→ **Task**
Exactly as they stand, repeat the lines from the one containing "Town Of Victoria Park Logo" through the final line of the listing, both ends included, and nothing else; skip the pictures.

→ **Given material**
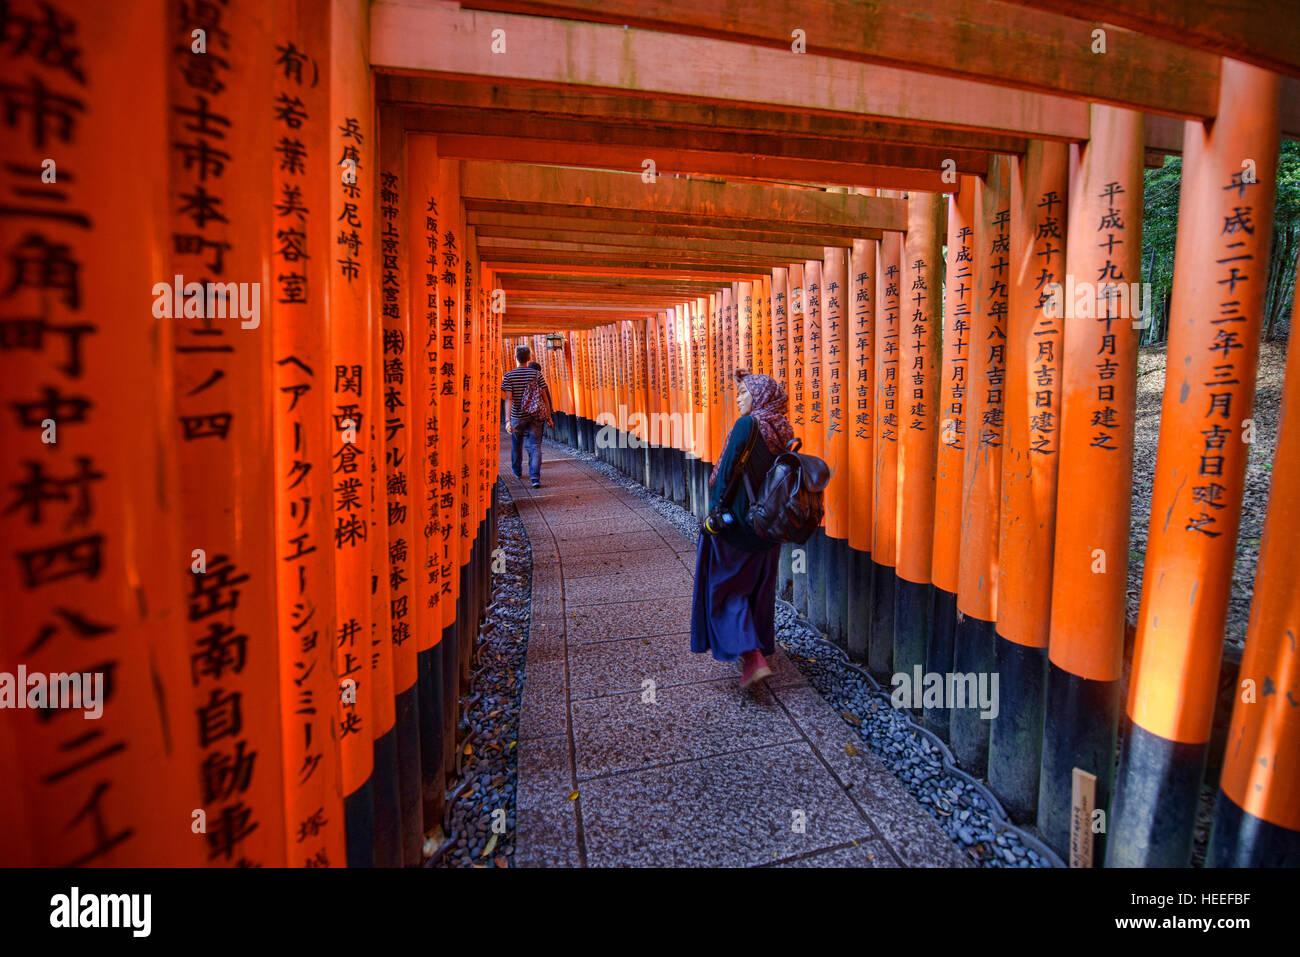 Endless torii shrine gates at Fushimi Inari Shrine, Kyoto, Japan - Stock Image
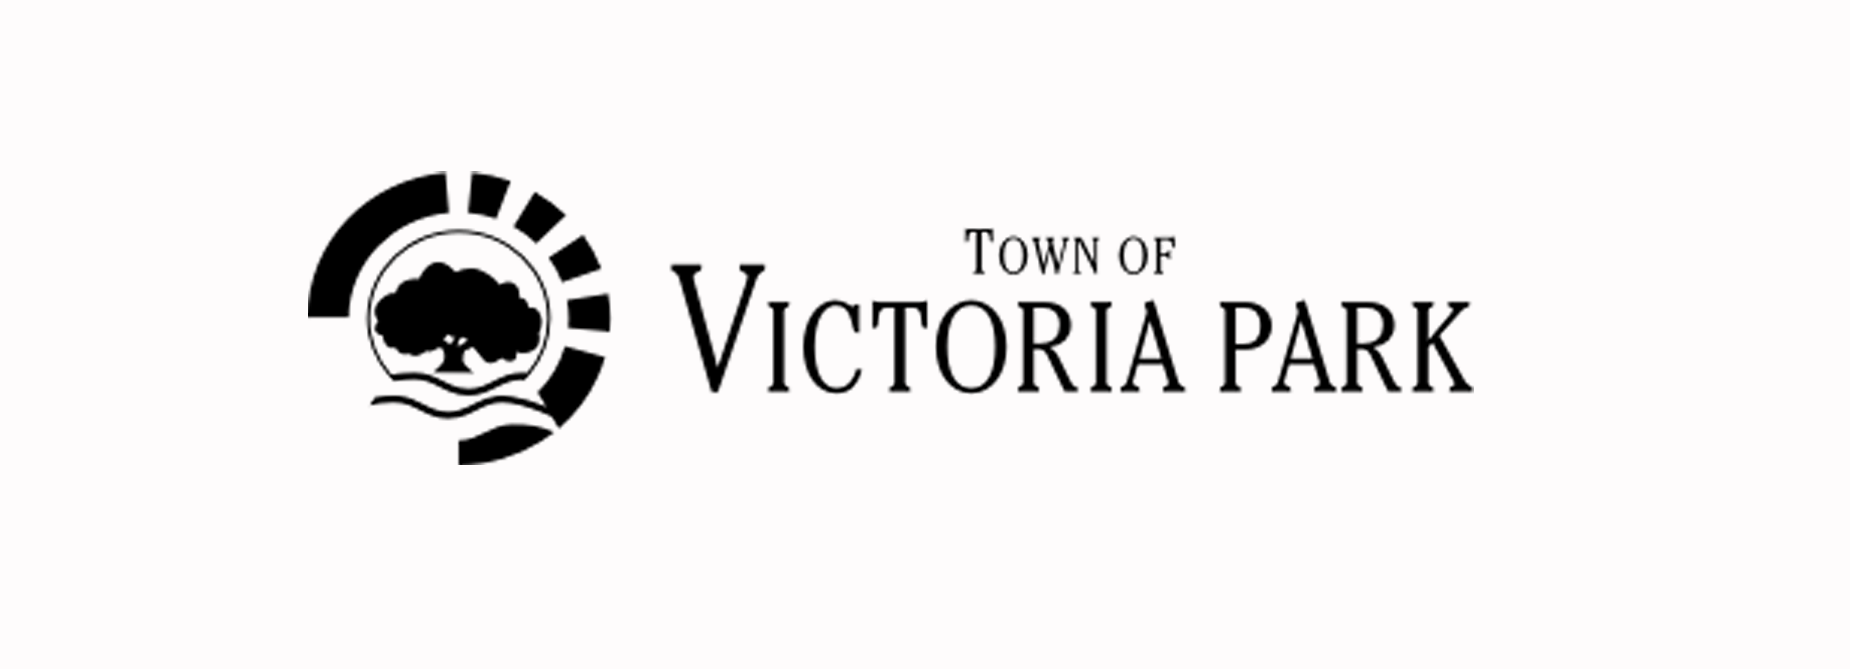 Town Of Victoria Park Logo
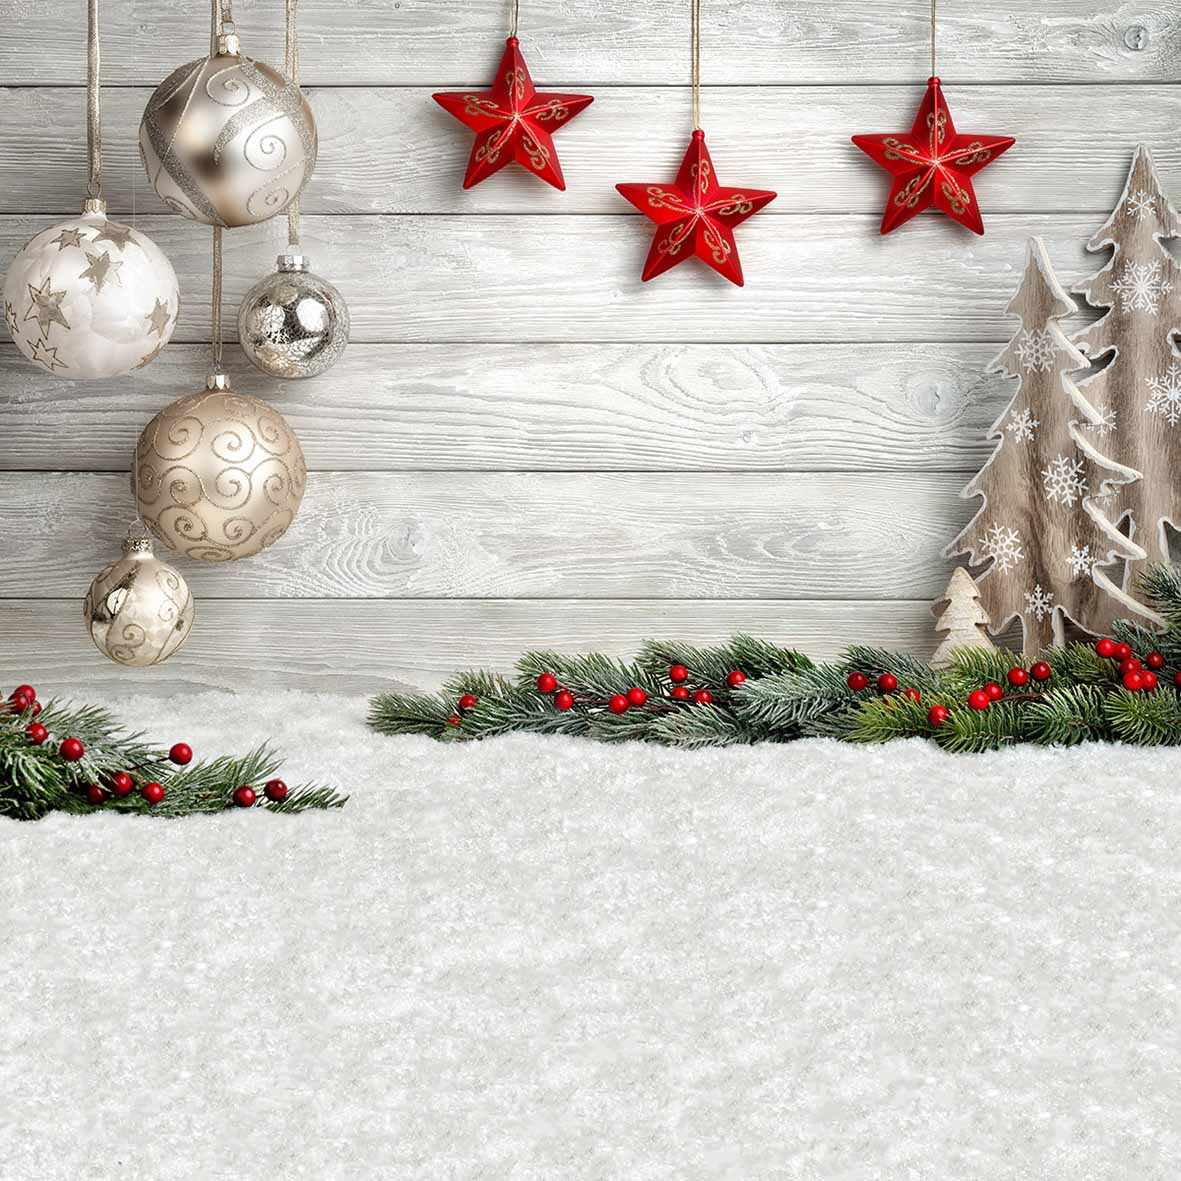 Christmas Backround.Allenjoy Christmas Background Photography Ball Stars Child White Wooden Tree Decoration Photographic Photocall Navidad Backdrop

→ **Answer below**
 Town Of Victoria Park Logo
 Christmas Backround.Allenjoy Christmas Background Photography Ball Stars Child White Wooden Tree Decoration Photographic Photocall Navidad Backdrop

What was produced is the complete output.